THE BIOLOGICAL SCIENCES_LECTURES ON THE HARVARD CLASSICS

THE BIOLOGICAL SCIENCES

Microscopical anatomy was revived and, advancing through the work of many trained observers, led to the recognition of the cell as the morphological element of living things, with this as a basis, to the systematic development of the whole of histology; and so to a new embryology and pathology. Thus the names of Schleiden, Schwann, Von Baer, and Virchow have become immortal.

Rigid ideas based upon classification, which had long tottered before the assaults of Lamarck, Goethe, Erasmus, Darwin, Geoffroy Saint-Hilaire, and others, finally fell before Charles Darwin’s〖“Origin of Species,” in H. C., xi.〗 triumphant conception of natural selection by survival of the fittest, perhaps the most influential idea upon the thought of his time that has ever been put forward by any man. Out of this have grown the study of heredity and, partly through the efforts of Darwin’s cousin, Francis Galton, a new doctrine of perfectibility.

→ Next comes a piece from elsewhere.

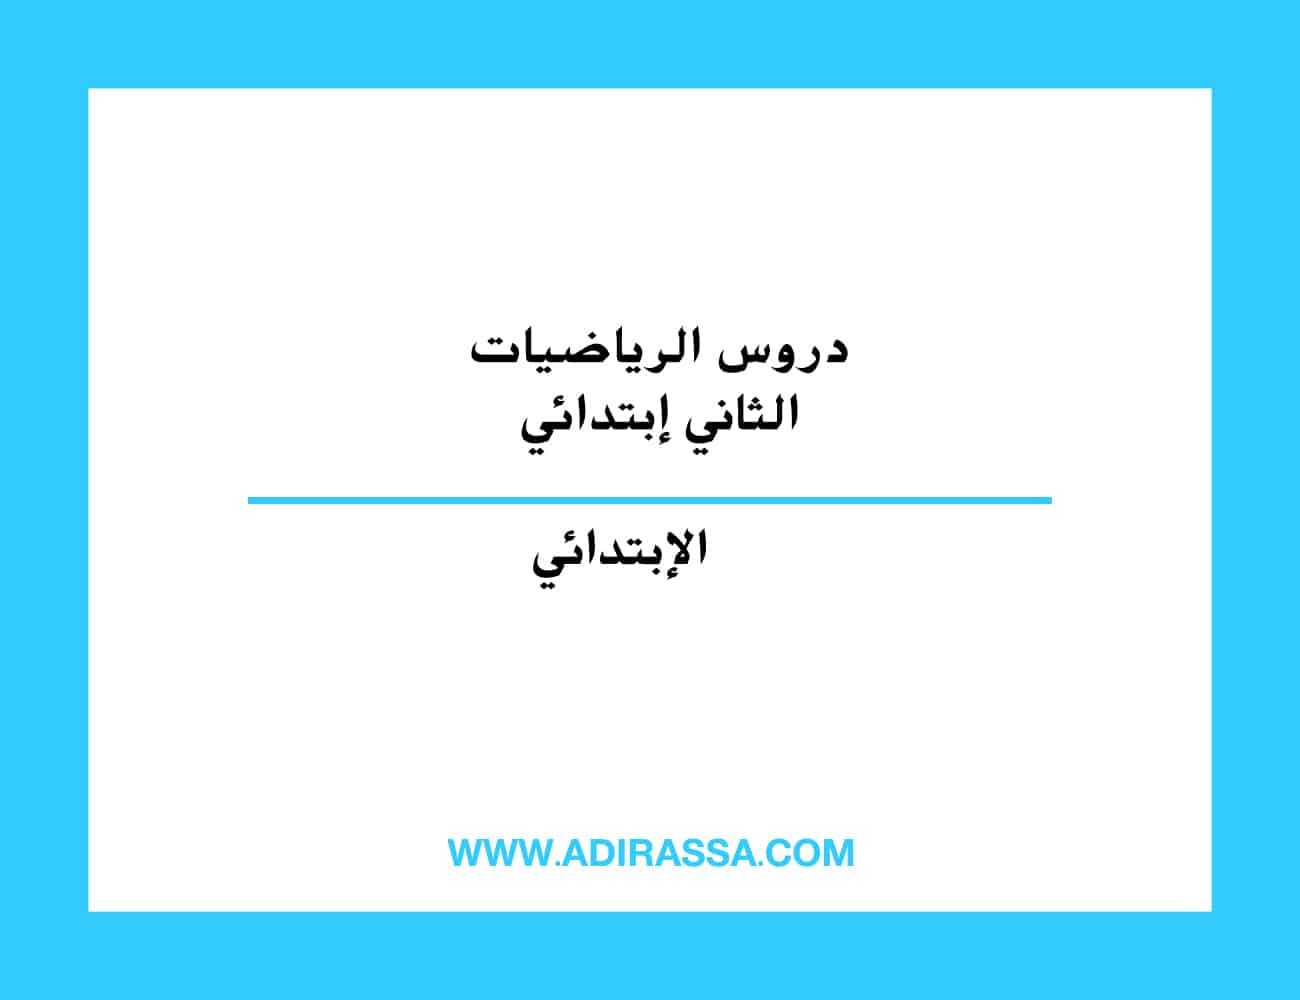 دروس الرياضيات الثاني ابتدائي المقررة بالمدرسة المغربية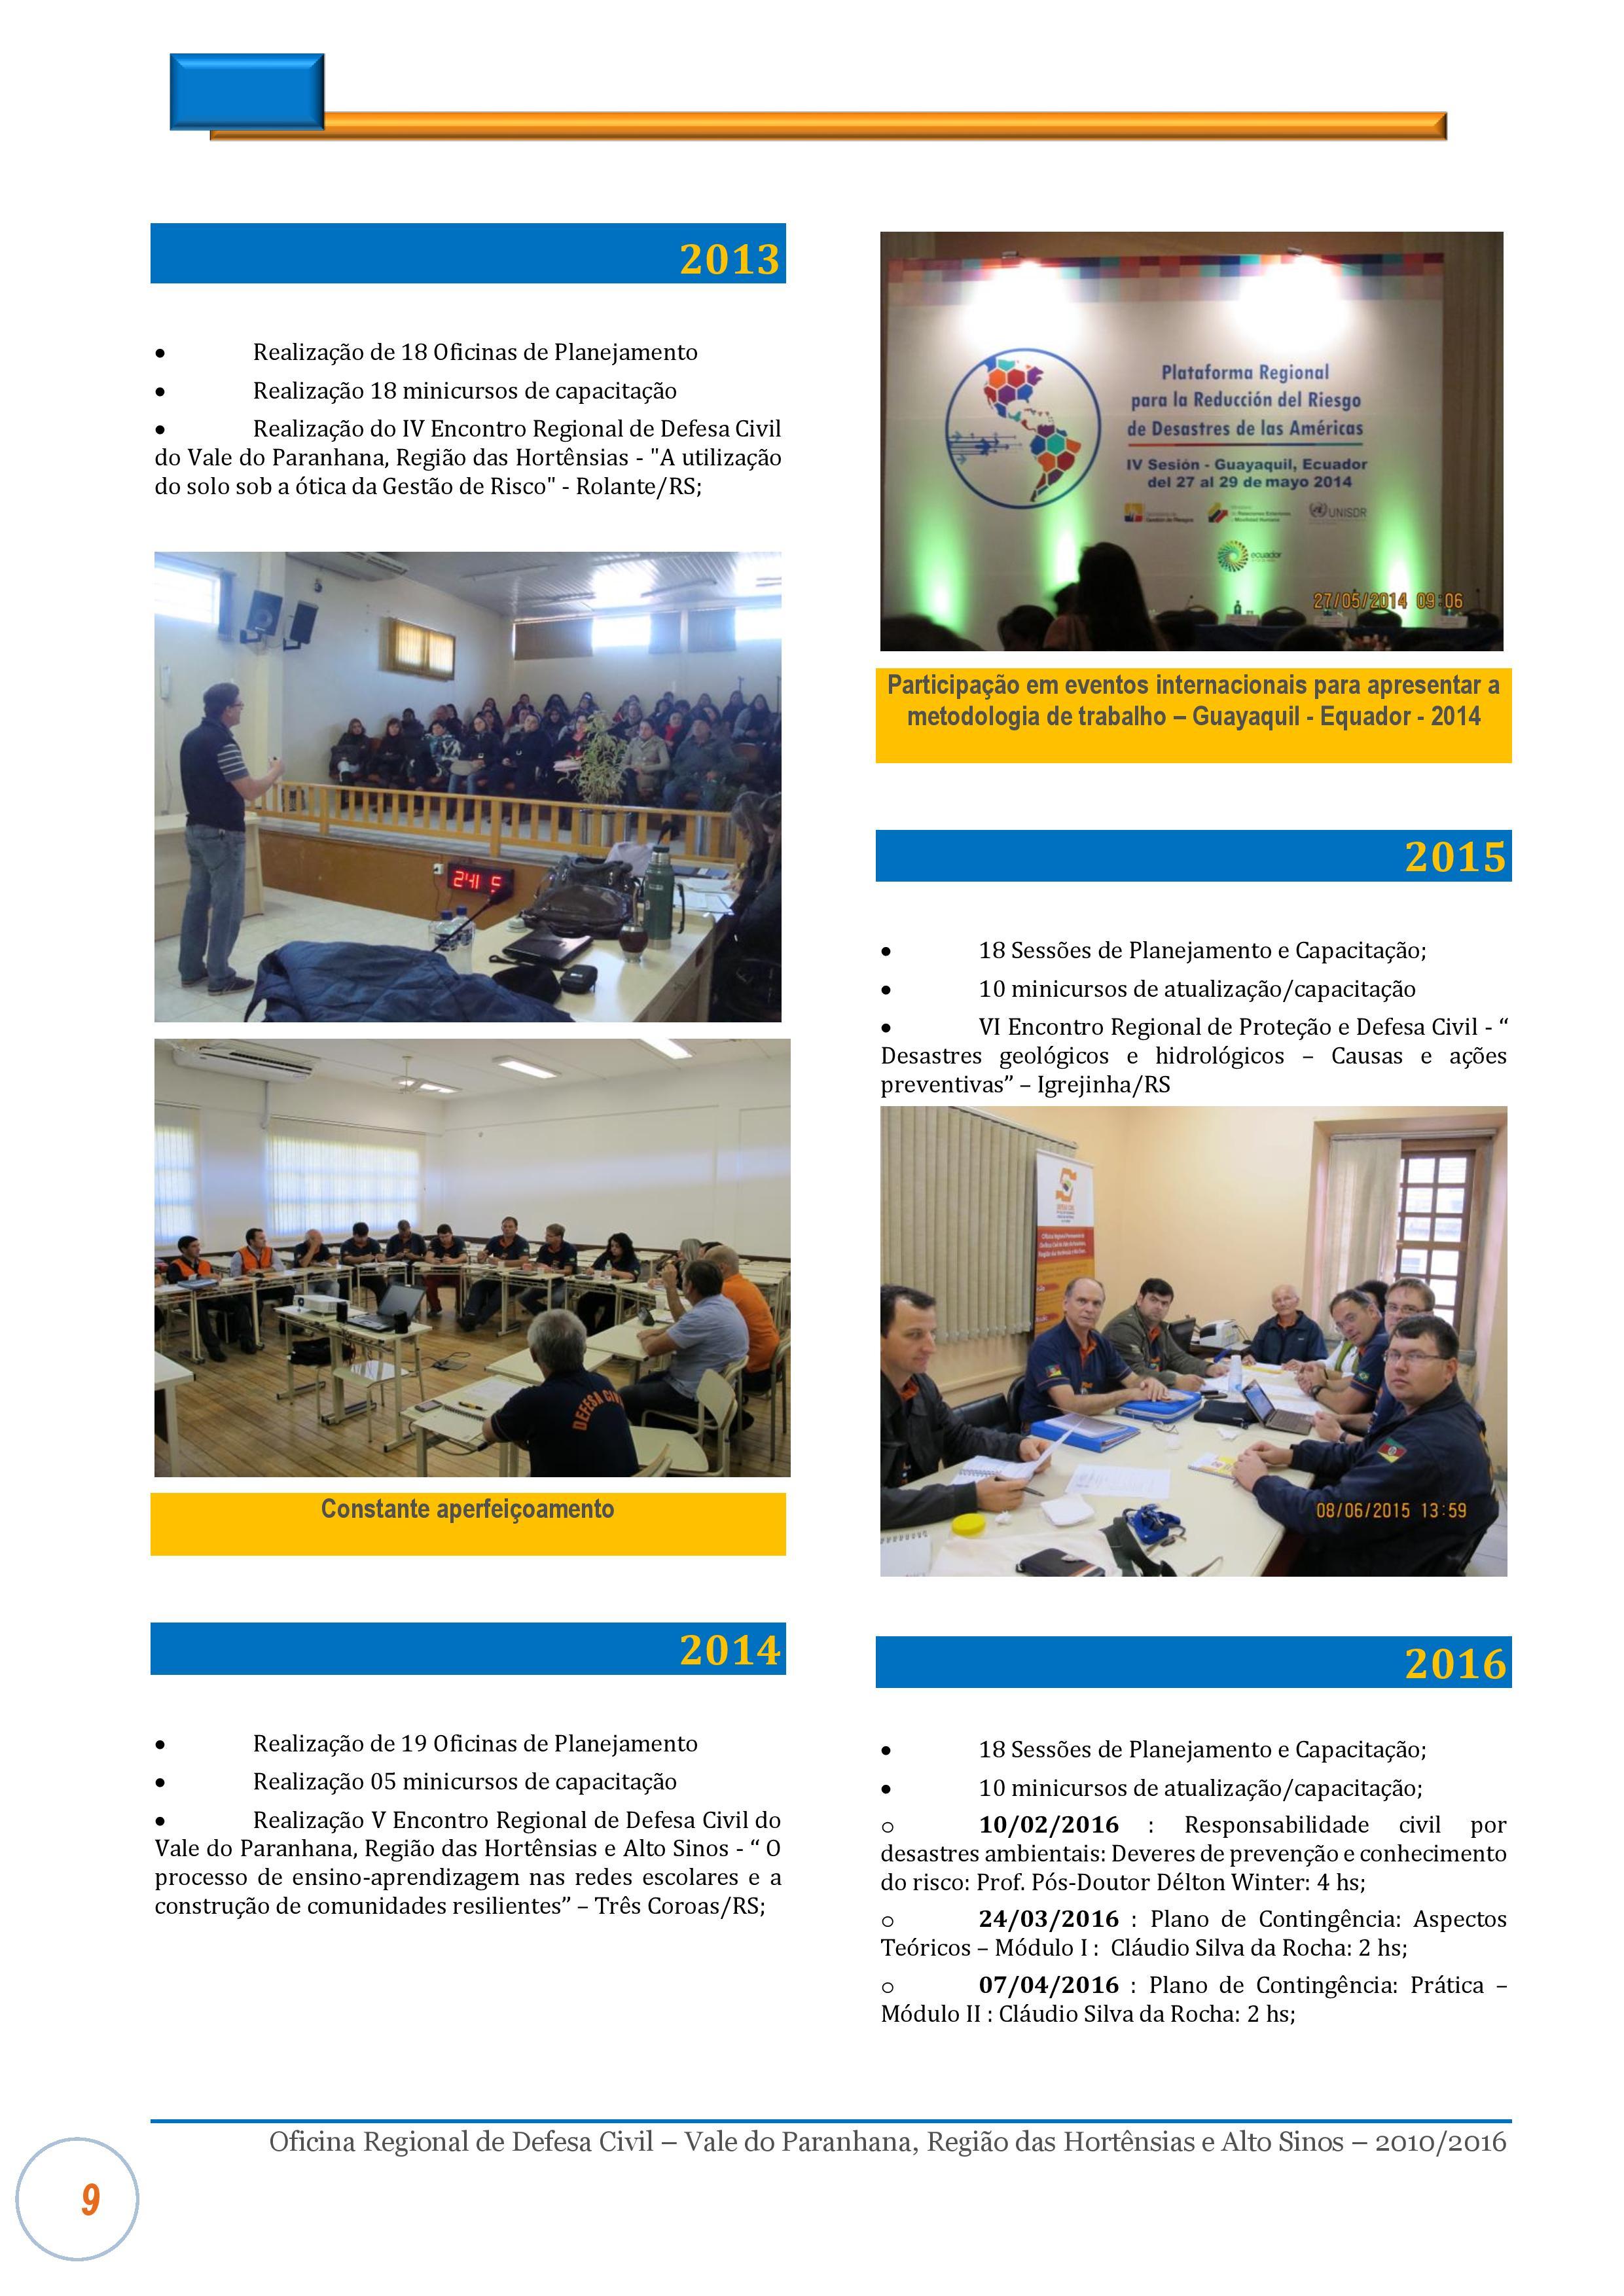 L_Histórico_ORPDC_Dez_2016 _final_2-page-009

In another department of biology, the study of the phenomena of digestion, fermentation, putrefaction, etc., after varying fortunes, culminated in Pasteur’s〖H. C., xxxviii, 273-382.〗 discovery of the rôle of micro-organisms, confirming the views of Redi and Swammerdam against spontaneous generation. The results of Pasteur’s discoveries have now swelled into the greatest material benefit ever conferred by one man upon his fellows. They have led to antitoxins, immunity, and the greater part of preventive medicine, as well as to antisepsis and asepsis (Lister),〖H. C., xxxviii, 257.〗 and so to the principal triumphs of surgery.